CR: How important is community to your brand following and how do you go about connecting with them and raising brand awareness?

AA: We are fortunate to have a really supportive community of customers behind us. To connect with this crowd, it’s not just about engagement through product launches, but through product education as well. For example, we launched our blog Scientifically Better to give customers a deeper dive into the technology in and behind our products. Most recently, we’ve been walking people through our process as we work to become carbon-neutral as a brand. On our site, we outline exactly how we are tackling the initiative, what stage we are in now and what’s next. Like I mentioned, feedback is crucial to our development process, and we consider the relationship with our customer community as paramount to our success.

CR: Kickstarter has always been an important part of your business strategy. It’s given you a platform to successfully launch new products and a way for you to connect directly with your customers and brand loyalists. How does Kickstarter figure in to your broader financing and funding plan, especially as you continue to grow?

AA: Kickstarter has given us an incredible platform to learn from customers and validate the market need for our products in a way that wouldn’t be possible through traditional product launches.

We introduced our very first product on Kickstarter in 2012, and at the time set the record for the highest-funded fashion project, exceeding the goal by over $400,000. This experience not only validated our hunch that people wanted better-performing dress clothes, but also connected us to a budding community of future brand loyalists.

After a hiatus of a few years, we returned to Kickstarter in 2018 to launch Mercury, the first-ever intelligent heated jacket. Because the jacket was the first-of-its-kind, we wanted to leverage the platform to validate demand for the product and garner feedback on the design before officially launching it to the market.
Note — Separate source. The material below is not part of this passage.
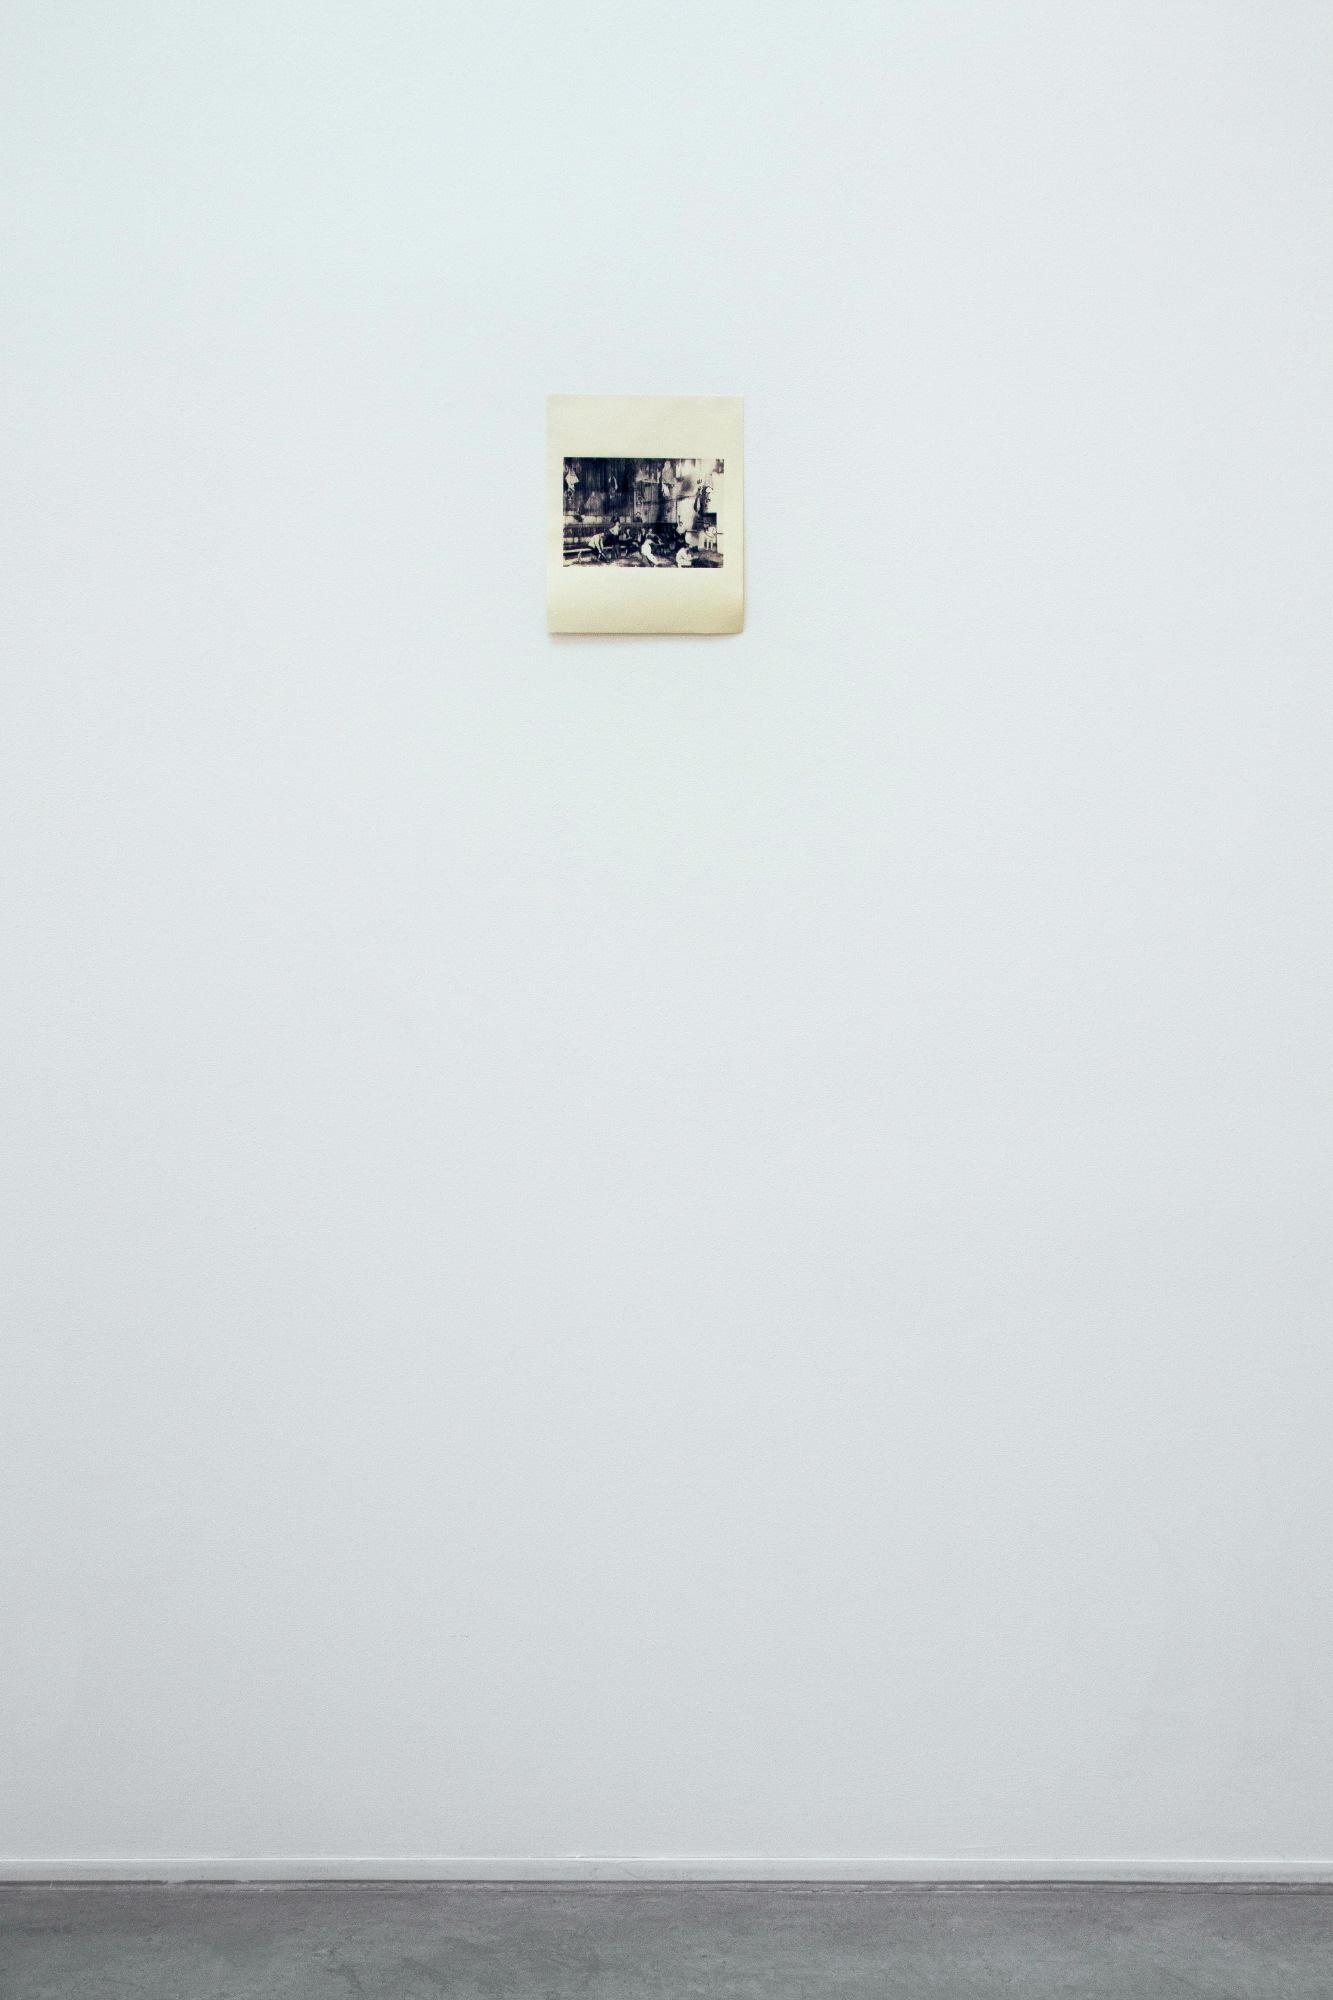 'ksero nr.1' technika: znaleziona odbitka kserograficzna/ekspozycja centralna, zgodnie zzasadą: środek kadru nawysokości wzroku fot.Łukasz Szymczyk / dzięki uprzejmości CSW Kronika

It was a tremendous success — once it was live on Kickstarter, the jacket shattered our $72,000 goal, raising more than $600,000.

While we have no immediate plans to launch another product on Kickstarter, it’s an enormously valuable platform for our brand and has helped us to build the supportive and engaged community we have today. As a venture-backed company with seven years of experience, we use Kickstarter less as a fundraising tool for our core business, but more to test experimental products and engage with customers.
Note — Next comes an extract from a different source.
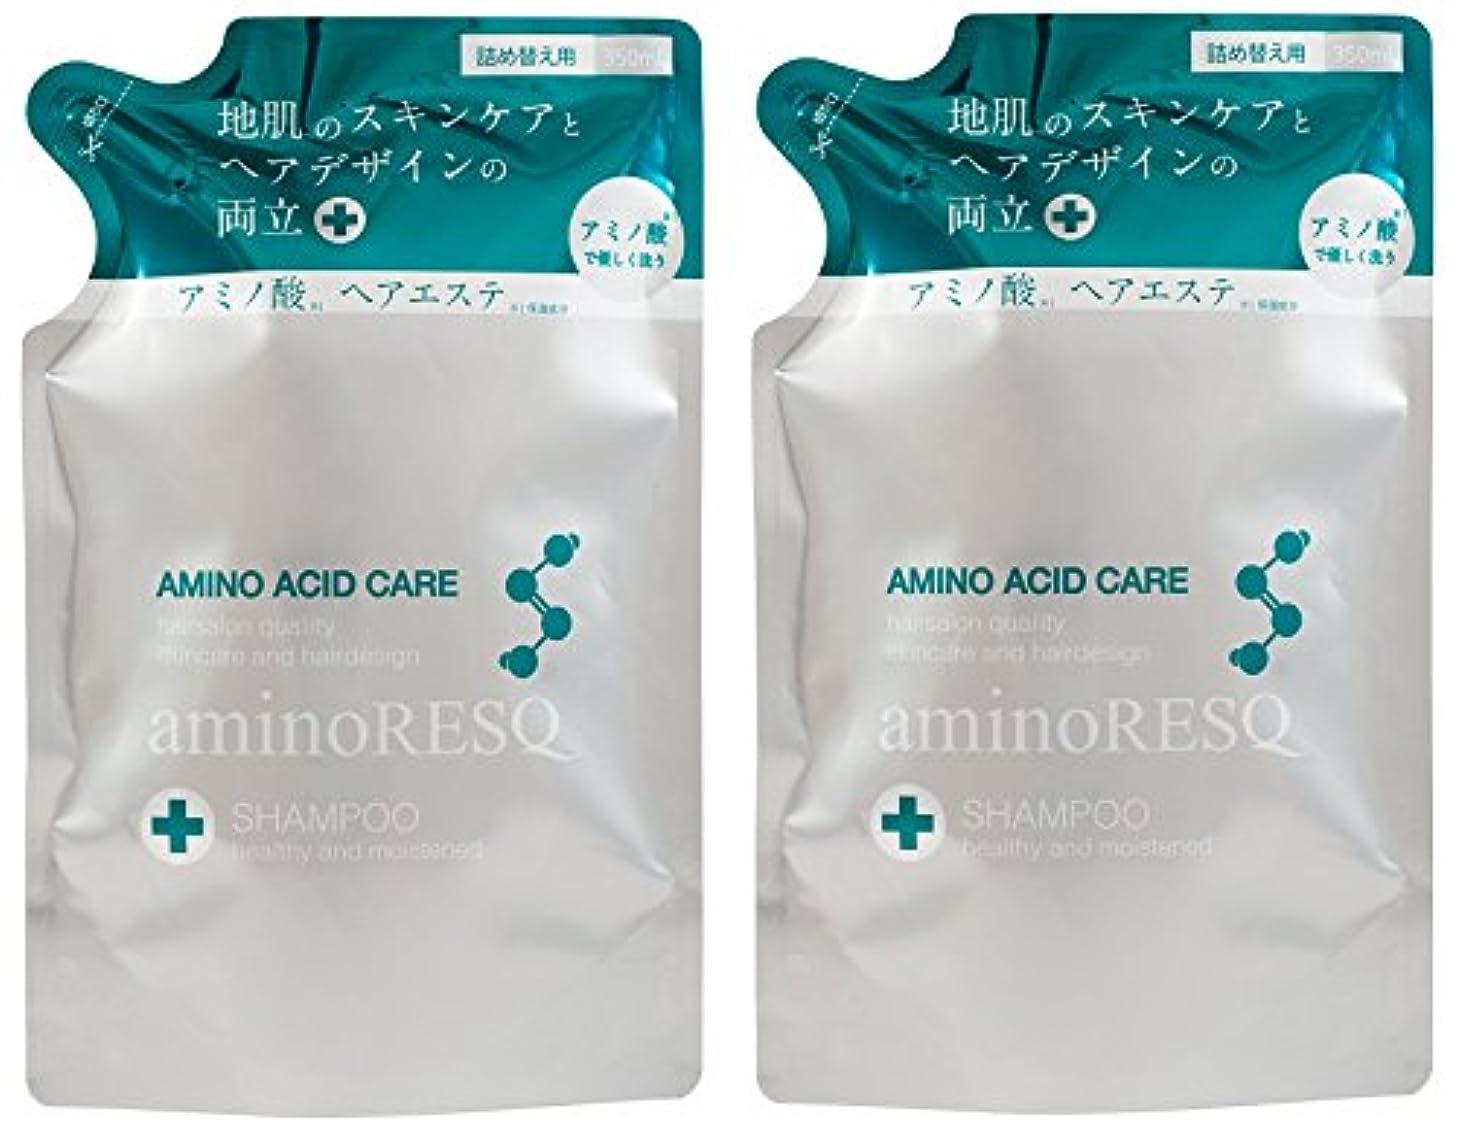 修正するマナー怪物【2個セット】aminoRESQ アミノレスキュー シャンプー詰替

CR: If you were giving advice to a young entrepreneur today, what would your best piece of wisdom be looking back now?

AA: An investor once told me that it’s not about convincing non-believers — it’s about finding believers. Starting a brand from scratch takes a lot of focus, so it’s incredibly important to put blinders on to the people who will never “get it,” and nurture the community that has your back. This applies to both customers and your internal team.